At the State level, the photos of 100 soldiers from Hyderabad, waiting for over 10 hours for instructions from the Tamil Nadu government as Chennai sank, was the lowest point of relief coordination, says a retired bureaucrat on the condition of anonymity.

“It is evident that bureaucrats don’t have the freedom to act. Even during natural disasters, they have to be given instructions because they are now used to that pattern of governance now. They expect ‘clearance’ for everything and a lot of time is wasted as officers look up to the CM for every small decision,” he added. The State’s Relief Commissioner, Atulya Misra, did not respond to queries sent byThe Hindu on December 9.

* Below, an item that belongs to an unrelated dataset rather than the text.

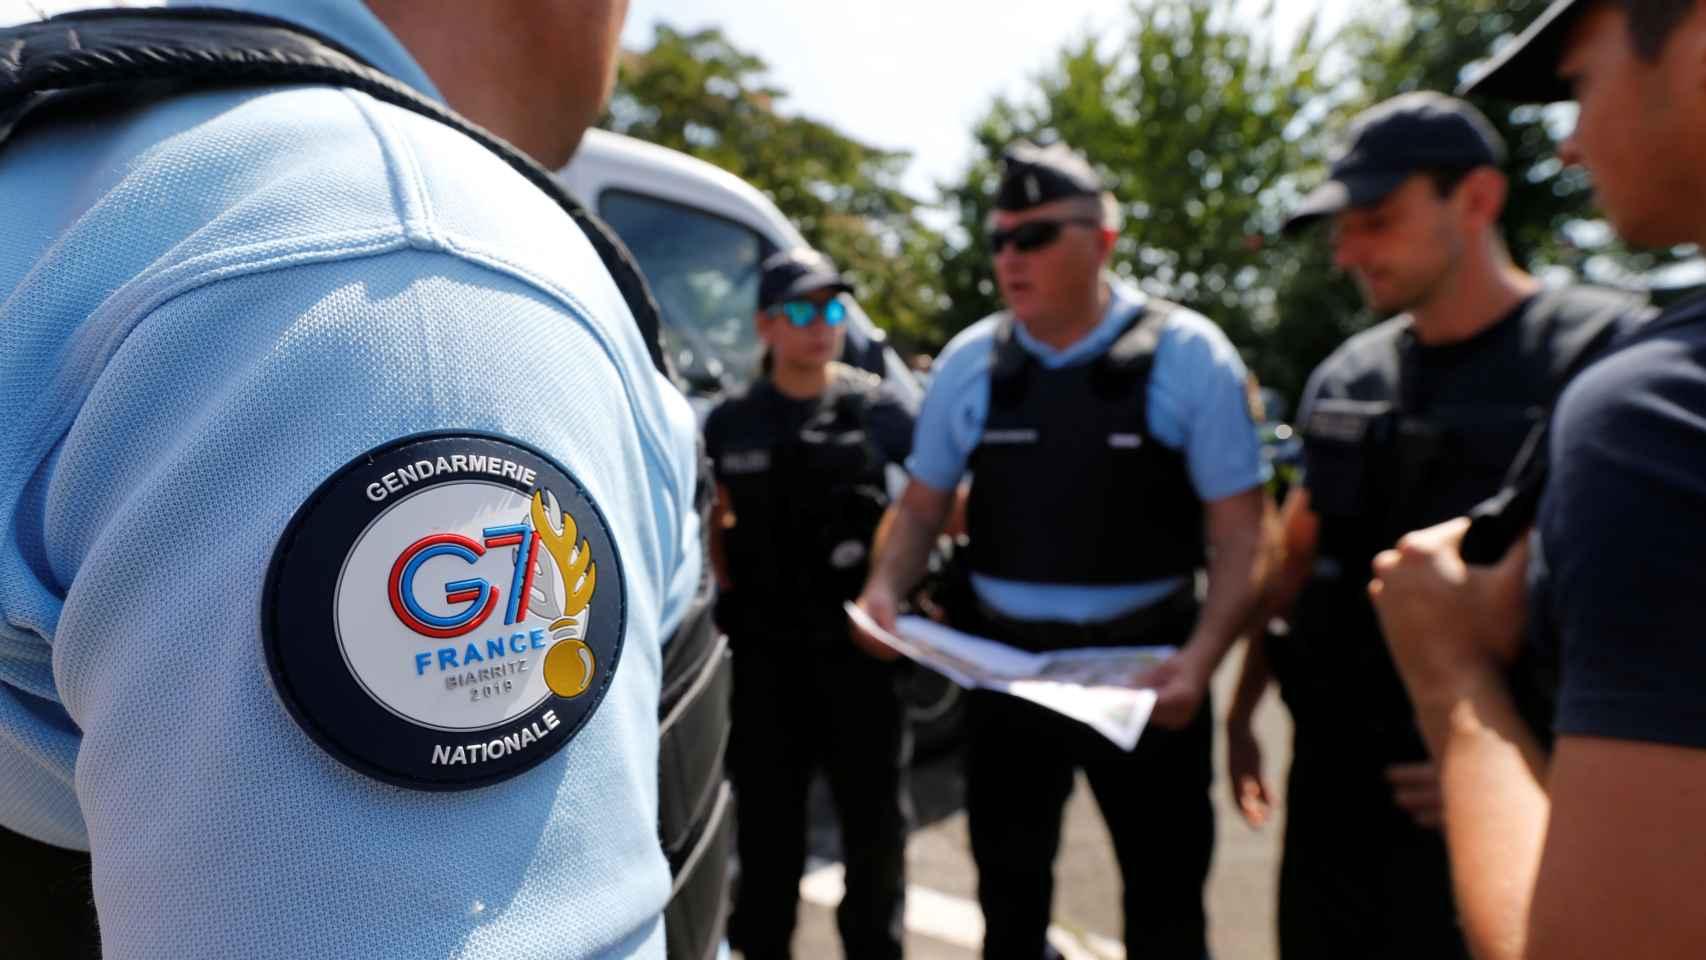 Biarritz, blindada para proteger a los líderes mundiales del G-7

“Local politicians were playing dirty because the State administration was missing in action. The political executive washed its hands of the matter the minute the forces landed. It became the Army’s job to ensure that relief and rescue operations went smoothly. However, the State government did not want to lose political mileage,” another retired official said.

Stoic society

Experts maintain that mediocre disaster management in India has thrived on society’s tolerance. “It is time we stop accepting inexcusable answers like ‘emergency mechanisms did not work because of the emergency.’ All societies plan, prepare and execute at least 10 per cent of what they planned. What we do is equivalent to writing a final examination every few months without any preparation. We have all the books and resources we need. All systems are in place. But on paper,” said Kavita Narayan, a public health expert and disaster management specialist trained by the United States’ Federal Emergency Management Agency (FEMA).

By December 6, when the Indian Air Force ceased its relief operations, in just five days it had flown over 40 sorties, airlifted 30 NDRF teams and five Army columns, evacuated 700 stranded civilians to other parts of the country, and transported 281 tonnes of relief material. It had pressed into service transport aircraft, ranging from the massive C-17 Globemaster to the old Russian AN-32s. Over a dozen helicopters carried out the kind of operation that rescued Deepthi to the safety of a hospital.

The Army, which was still on the ground, had over 70 teams with 57 medium-sized boats and 16 small boats in Tamil Nadu to aid the civil administration..

Disasters, natural or man-made, are part of our lives in megacities. In fact, as Chennai showed, how we live is accelerating climate change. Since we are the ones accelerating it, it is only the basic common sense to give some thought to preparedness.